SemiAnalysis Bongkar Kirin 9030 Huawei: Prosesor Tak Bisa Lagi Dikecilkan, Maka Chip Dilipat
SemiAnalysis membongkar chipset Kirin 9030 Huawei, yang diproduksi oleh SMIC dengan proses N+3. Laporan menunjukkan bahwa meski tanpa mesin EUV, SMIC berhasil mencapai kerapatan logika setara dengan TSMC N6. Namun, hal ini dicapai dengan biaya lebih tinggi dan proses yang lebih kompleks, yaitu menggunakan teknik Self-Aligned Quadruple Patterning (SAQP) pada lapisan M0 yang menghasilkan jarak pitch 32.5nm.
Kinerja Kirin 9030 dikabarkan melampaui Snapdragon 8+ Gen 1 (2022) untuk GPU, meski masih tertinggal jauh dari chipset flagship terkini. Kesenjangan utama terletak pada proses manufaktur yang lebih tua yang membatasi frekuensi dan efisiensi daya.
Huawei merespons keterbatasan ini dengan mendorong inovasi ke arah baru: 3D stacking atau "melipat" logika. Melalui konsep LogicFolding dalam hukum penskalaan τ (tau), Huawei bertujuan untuk mempersingkat jalur sinyal dan meningkatkan kinerja secara vertikal, menargetkan 5GHz dan kerapatan setara TSMC 14A pada 2031.
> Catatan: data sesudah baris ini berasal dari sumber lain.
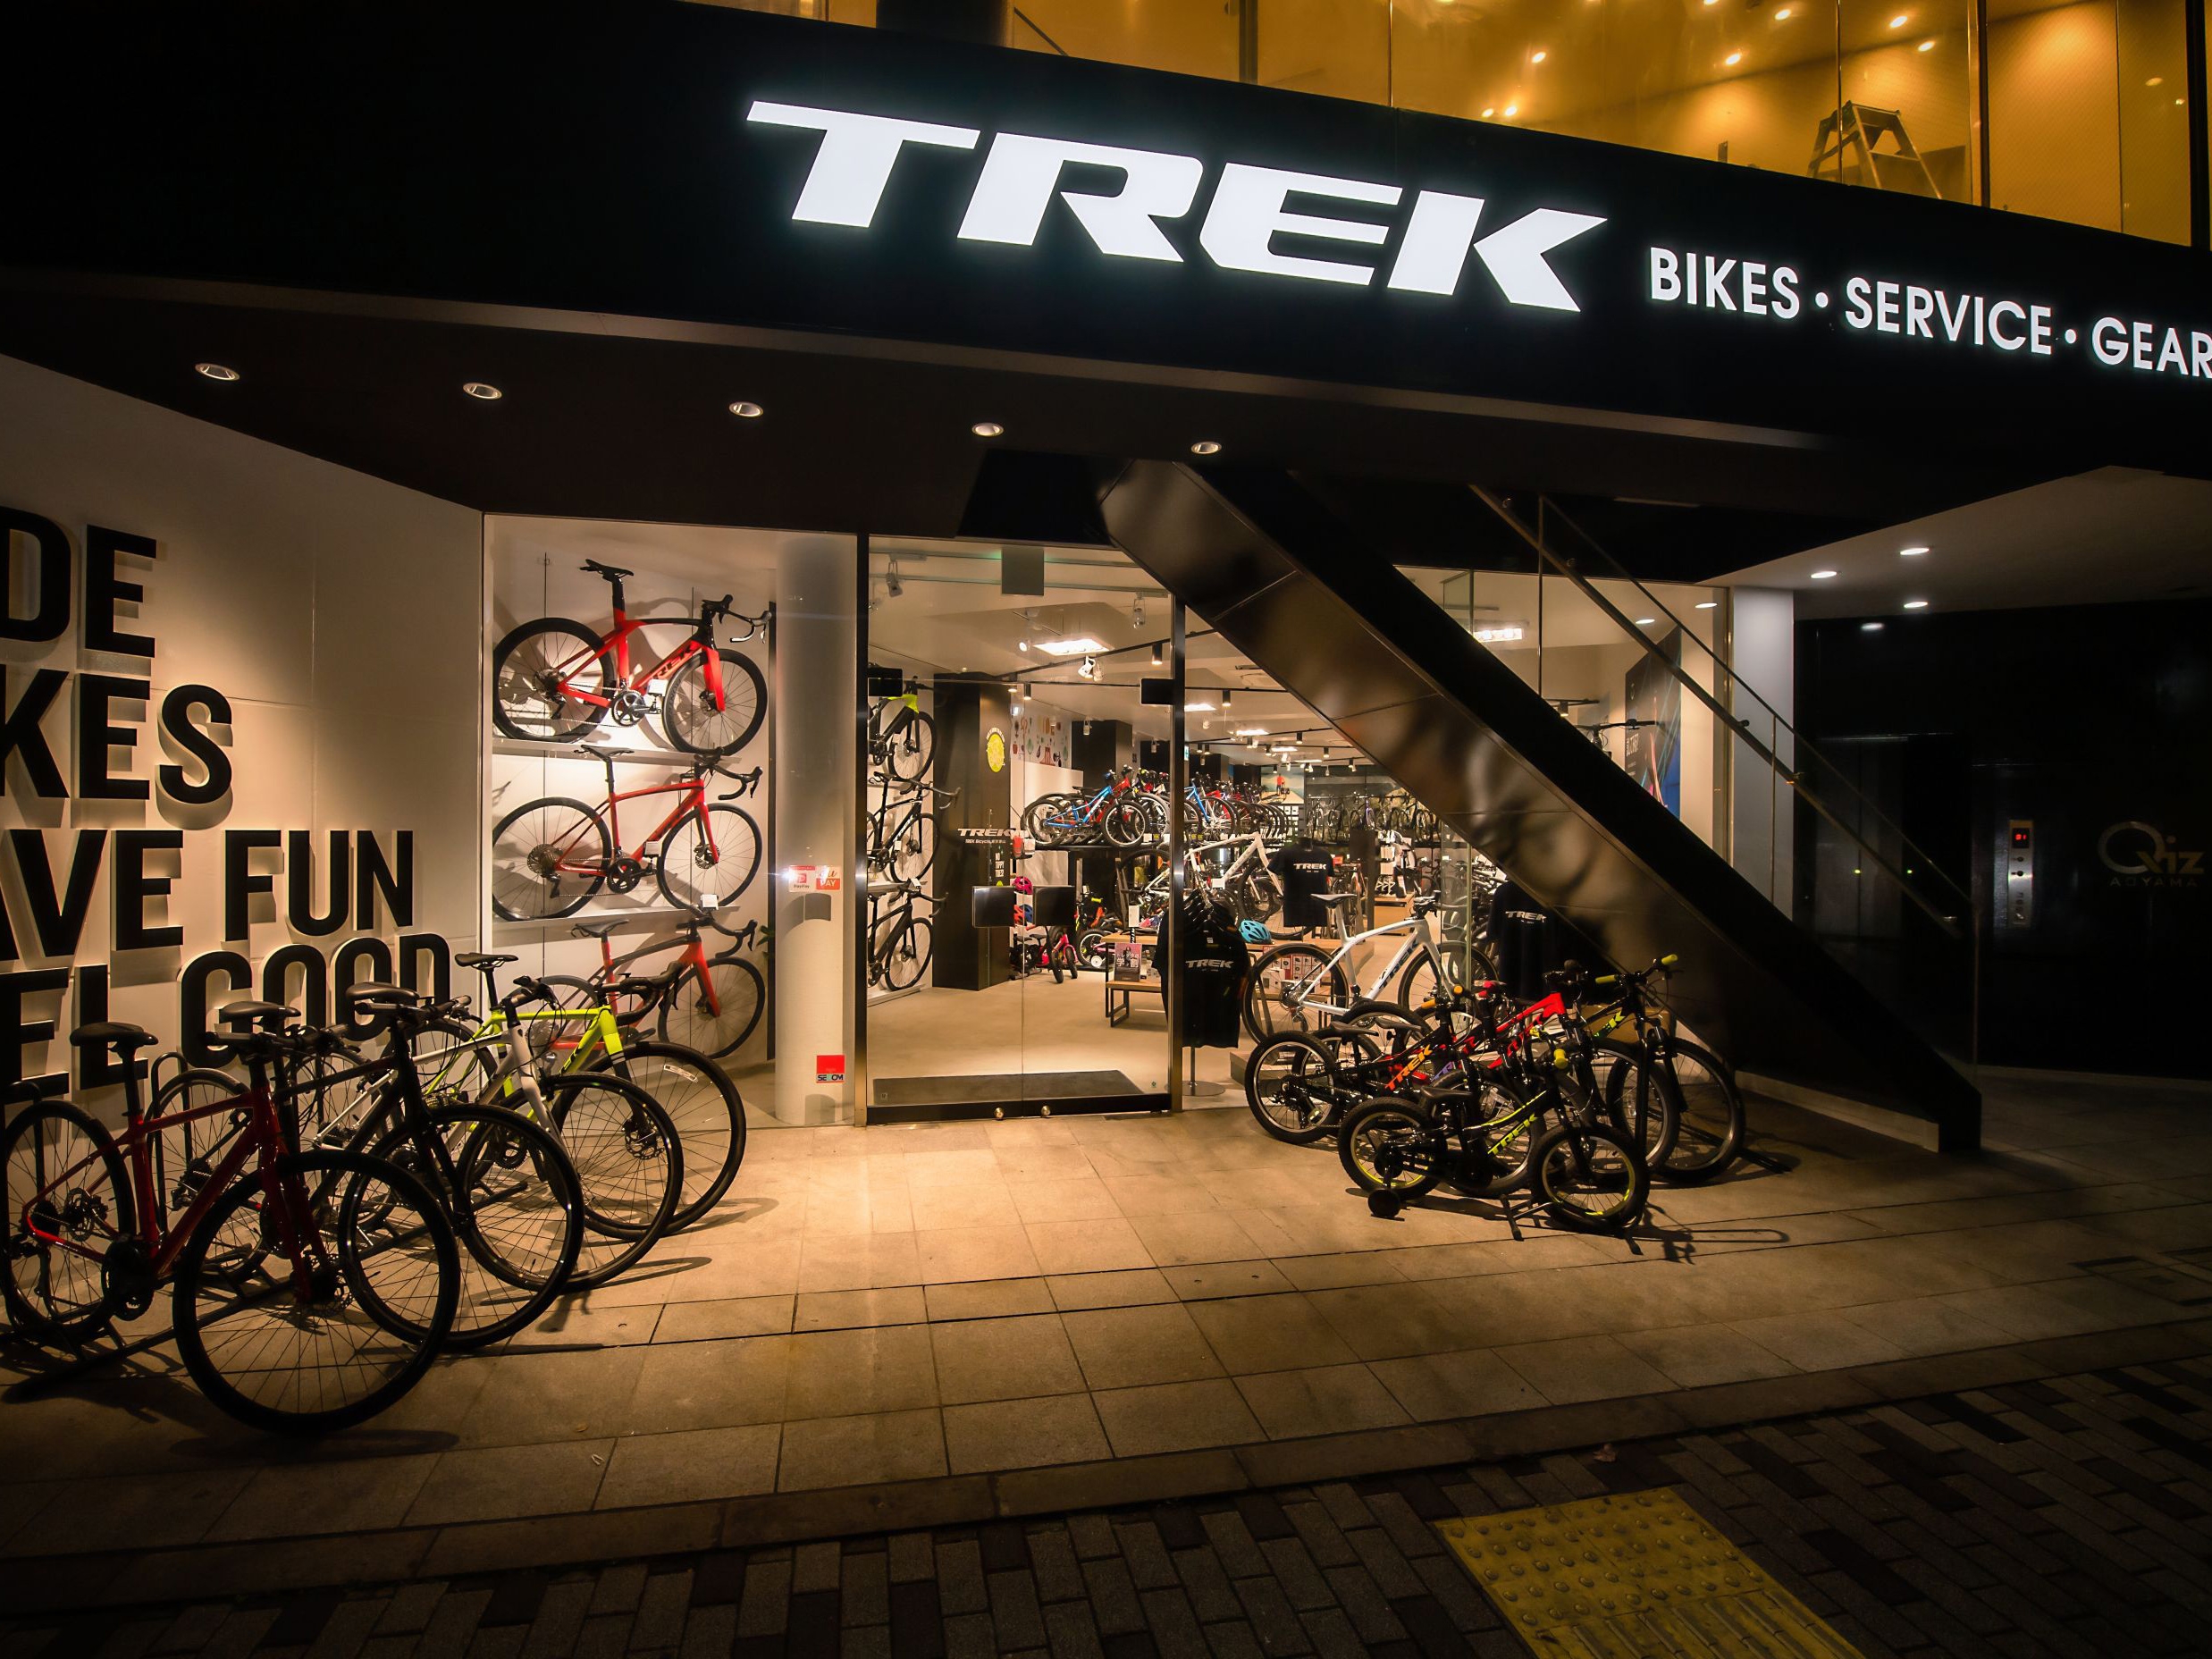 trek bicycle online store

Laporan menyimpulkan bahwa sanksi ekspor telah mengubah lanskap persaingan, mendorong China ke jalur inovasi yang berbeda dengan biaya lebih mahal. Kemajuan pada memori buatan China (CXMT) yang mulai dipakai di Mate 80 Pro juga dicatat, meski masih tertinggal satu hingga dua generasi.